Date : mercredi 10 mars 2021

Jittirat Tantasirin s’affaire avec des ingénieurs automobiles dans les locaux d’ATTA Autohaus. Photo : ONU Femmes/Nicolas Axelrod

Pour Jittirat Tantasirin, la directrice générale d’ATTA Autohaus, l’un des concessionnaires Mercedes-Benz agréés en Thaïlande, « un véritable leader en fait naître d’autres ».

Les faits

  • La participation pleine et effective des femmes à la vie publique et à la prise de décisions, ainsi que l’élimination de la violence, est essentielle pour soutenir leur autonomisation dans d’autres secteurs, notamment le secteur privé, les médias, les arts et le sport.
  • Les progrès réalisés pour accroître la représentation des femmes dans la vie publique et la prise de décisions ont été trop lents.

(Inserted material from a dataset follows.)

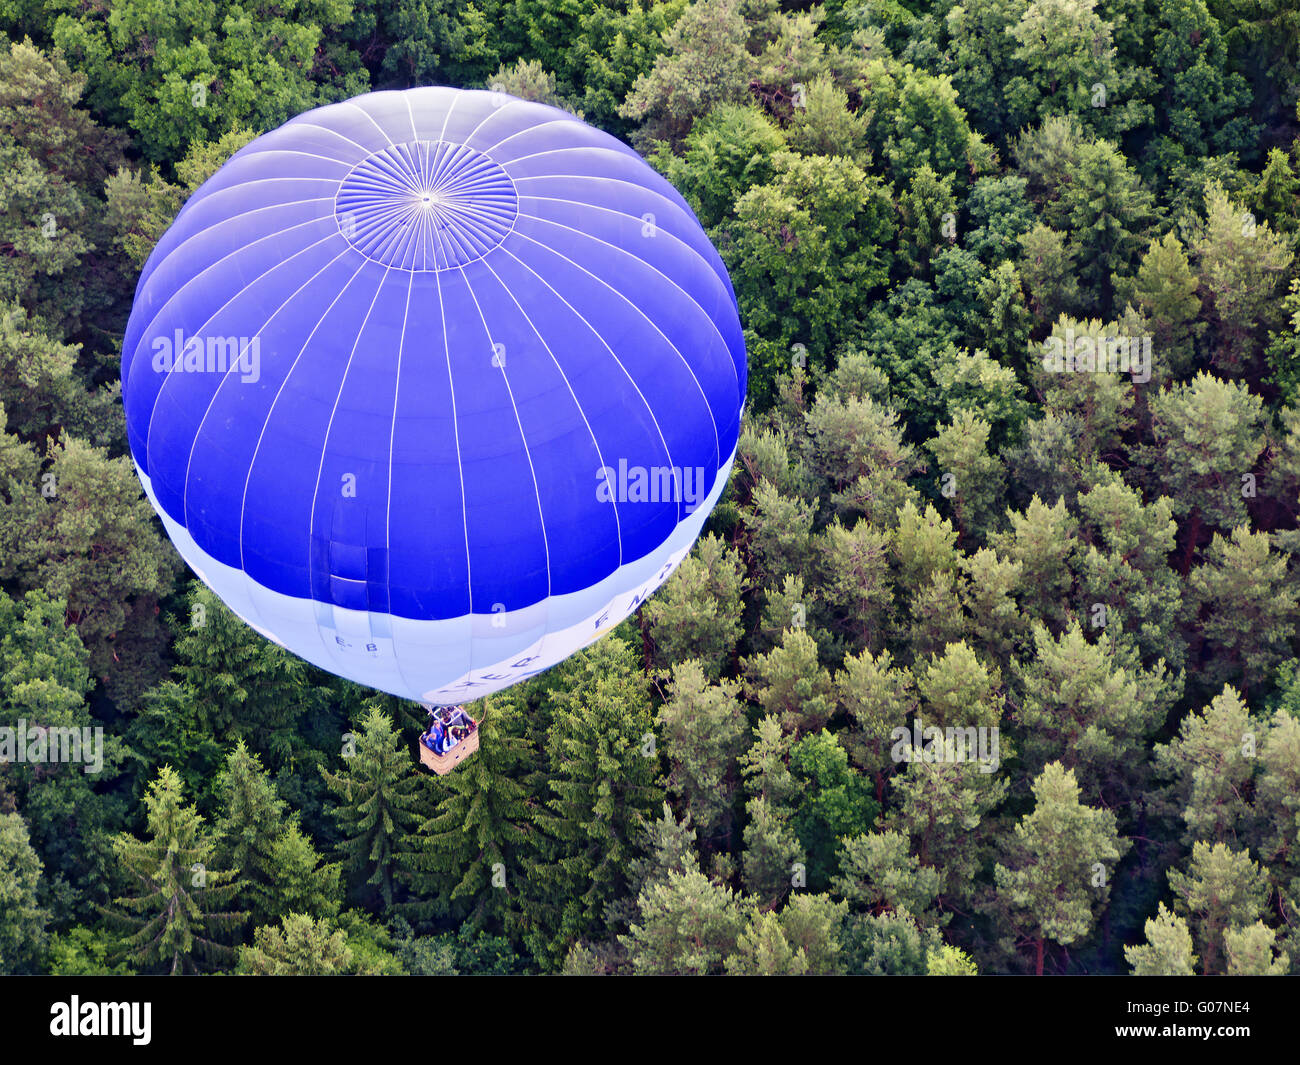 Ot-pallone aerostatico in bilico su una collina boscosa unità aera Foto Stock

Seuls 22 pays sont dirigés par une femme, seuls 3 pays comptent 50 pour cent ou plus de femmes dans leur parlement et seulement 7,4 pour cent des entreprises Fortune 500 sont dirigées par des femmes.
  • La violence contre les femmes dans la vie politique et publique empêche celles-ci d’accéder à leur pouvoir et fait taire leur voix dans la prise de décisions, les atteintes en ligne et la cyberintimidation étant de plus en plus fréquentes.
  • Les quotas de femmes augmentent la représentation des femmes dans les assemblées législatives et dans le secteur privé, lorsqu’ils sont bien conçus et effectivement mis en œuvre.
  • Tout le monde souffre de la sous-représentation des femmes. Une étude des groupes de travail sur la COVID-19 de 87 pays a révélé que seulement 3,5 pour cent d’entre eux avaient atteint la parité entre les sexes. Pour une réponse et un redressement efficaces après la COVID-19, les femmes doivent participer à la prise de décisions afin que les politiques et les budgets répondent aux besoins de chacun et permettent de reconstruire en mieux.

Pour en savoir plus sur le leadership des femmes, voir le Rapport du Secrétaire général des Nations Unies

Avec la propagation de la pandémie de COVID-19 dans le monde entier, les entreprises ont dû faire face aux conséquences économiques et sociales sans précédent de la crise. Le secteur automobile n’a pas fait exception : avec les mesures de confinement et les injonctions à « rester chez soi » en vigueur dans de nombreuses régions du monde, les concessionnaires ont dû passer au numérique. Mme Tantasirin et son équipe ont exploité les nouvelles technologies pour révolutionner les modèles de vente au détail et accroître la place des femmes dans le secteur.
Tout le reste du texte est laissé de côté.